Figure 3 Manhattan plot and candidate regions associated with potato tuber shape. (A) Manhattan plot of potato tuber shapes. (B) Association regions on Chr01A1 and Chr02A1. (C, D) LD heatmaps of regions significantly associated with tuber shapes on Chr01A1 and Chr02A1, respectively. (E) Distribution of significant SNP markers on Chr01A1 of the round and elongated potatoes. From left to right are SNPs at Chr01A1:34451395, Chr01A1:34458899, Chr01A1:34466909, Chr01A1:34484034, Chr01A1:34484958 and Chr01A1:34503329 loci, where the upper half represents the round potatoes and lower half represents the very long potatoes, respectively. (F) The distribution and performance of significant SNP markers on Chr02A1 of the round and very long potatoes. From left to right are SNPs at Chr02A1:28359920, Chr02A1:28360022, Chr02A1:28360028, Chr02A1:28362877, Chr02A1:28381647 and Chr02A1:28381654, respectively.
We calculated the LD decay of these regions and found that their LD is about 60 Kb, much larger than 1 Kb in previous reports (Supplemental Figure 5). By setting an interval of 60 Kb above and below the variant loci and considering a candidate gene being 10% of the gene length falling within the interval, we obtained 50 candidate genes (Supplemental Table 9). KEGG enrichment analysis indicated that these candidate genes are mainly enriched in starch and sucrose metabolism, arginine and proline metabolism, glycosphingolipid biosynthesis, amino sugar and nucleotide sugar metabolism and glycosaminoglycan degradation (Supplemental Figure 6). In addition, we found 6 transcription factors, including CO-like, ERF, FAR1, MADS and MYB (Supplemental Table 10), and identified 3 genes: PLATZ transcription factor, UTP-glucose-1-phosphate uridylyltransferase and FAR1 DNA-binding domain (Supplemental Table 9).
We performed GWAS analysis of potato tuber eye depth using a mixed linear model with P = 10-4 as the threshold and plotted Manhattan (Figure 4A). The results revealed a total of 53 significant SNP loci (Supplemental Table 11), of which SNPs in the Chr05A2:49.644−50.146 Mb and Chr06A2:25.866−26.384 Mb regions are very strongly associated (Figure 4B). To view the LD within the significantly associated regions, we plotted the LD heatmap and found that SNPs in the Chr05A2:49.644−50.146 Mb region are highly associated (Figures 4C, D).
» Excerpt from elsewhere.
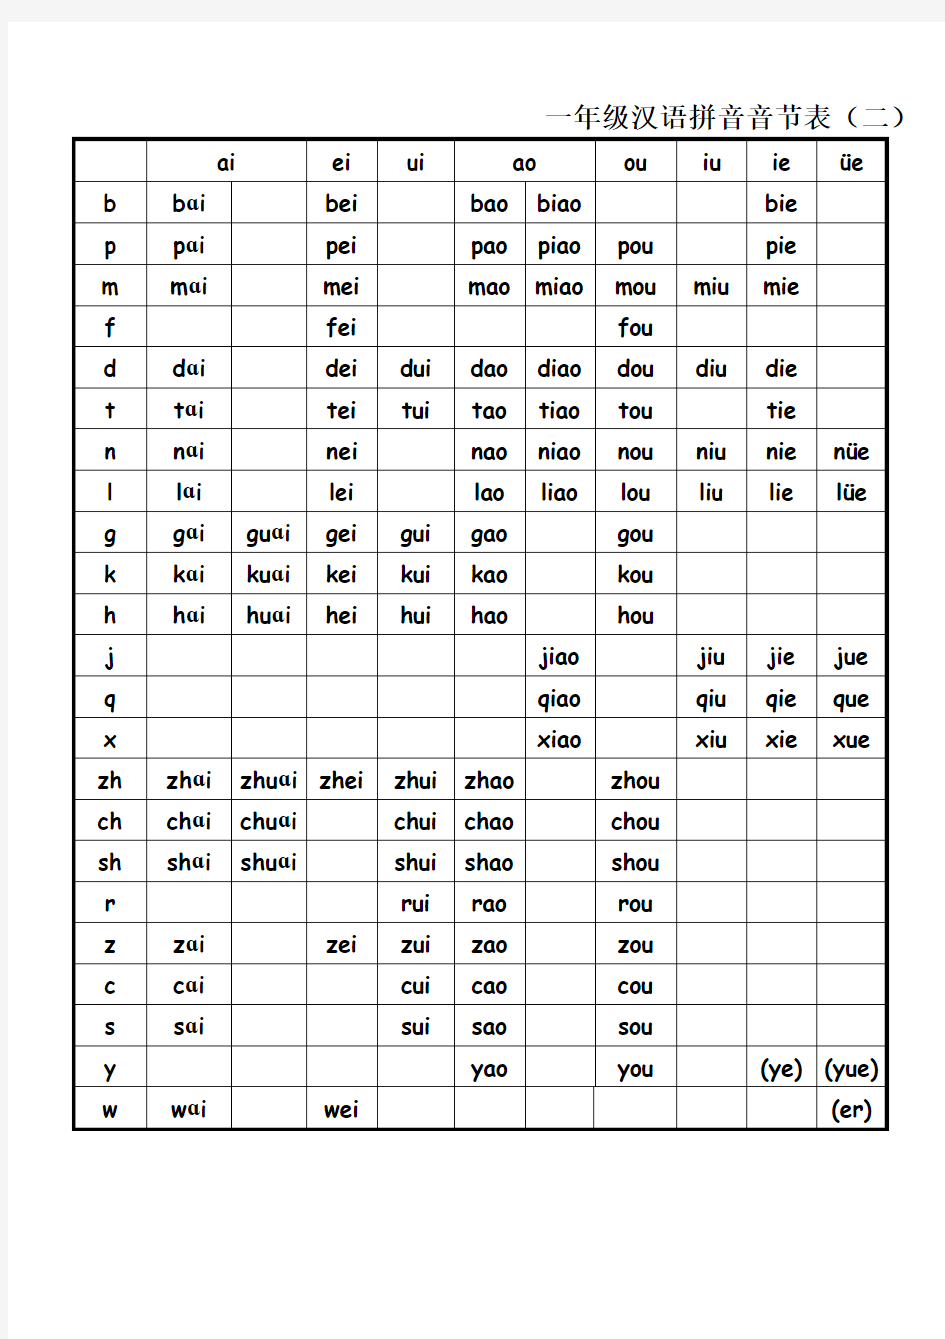 一年级汉语拼音音节表完全版

To further examine the reliability of these SNP markers for potato tuber eye depth, we randomly selected 15 potatoes with shallow tuber eyes and 15 potatoes with deep tuber eyes for analysis of 10 loci on Chr05A2 and found that all potatoes with shallow tuber eyes have deletions and alleles (Figure 4E; Supplemental Table 12).
Figure 4 Manhattan and candidate regions associated with potato tuber eye depth. (A) Manhattan plot of potato tuber eye depth. (B) Analysis of regions associated with tuber eye depth on Chr05A2 and Chr06A2. (C) and (D) LD heatmap of regions significantly associated with tuber eye depth on Chr05A2 and Chr05A2, respectively. (E) Distribution and performance of significant SNP markers on Chr05A2 of potatoes with shallow and deep tuber eyes. From left to right are SNPs at Chr05A2:50031597, Chr05A2:50087233, Chr05A2:50087238, Chr05A2:50087243, Chr05A2:50087245, Chr05A2:50087357, Chr05A2:50087467 Chr05A2:50143917, Chr05A2:50385093 and Chr05A2:50385385 loci, where the upper half represents potatoes with shallow tuber eyes and the lower half represents potatoes with deep tuber eyes.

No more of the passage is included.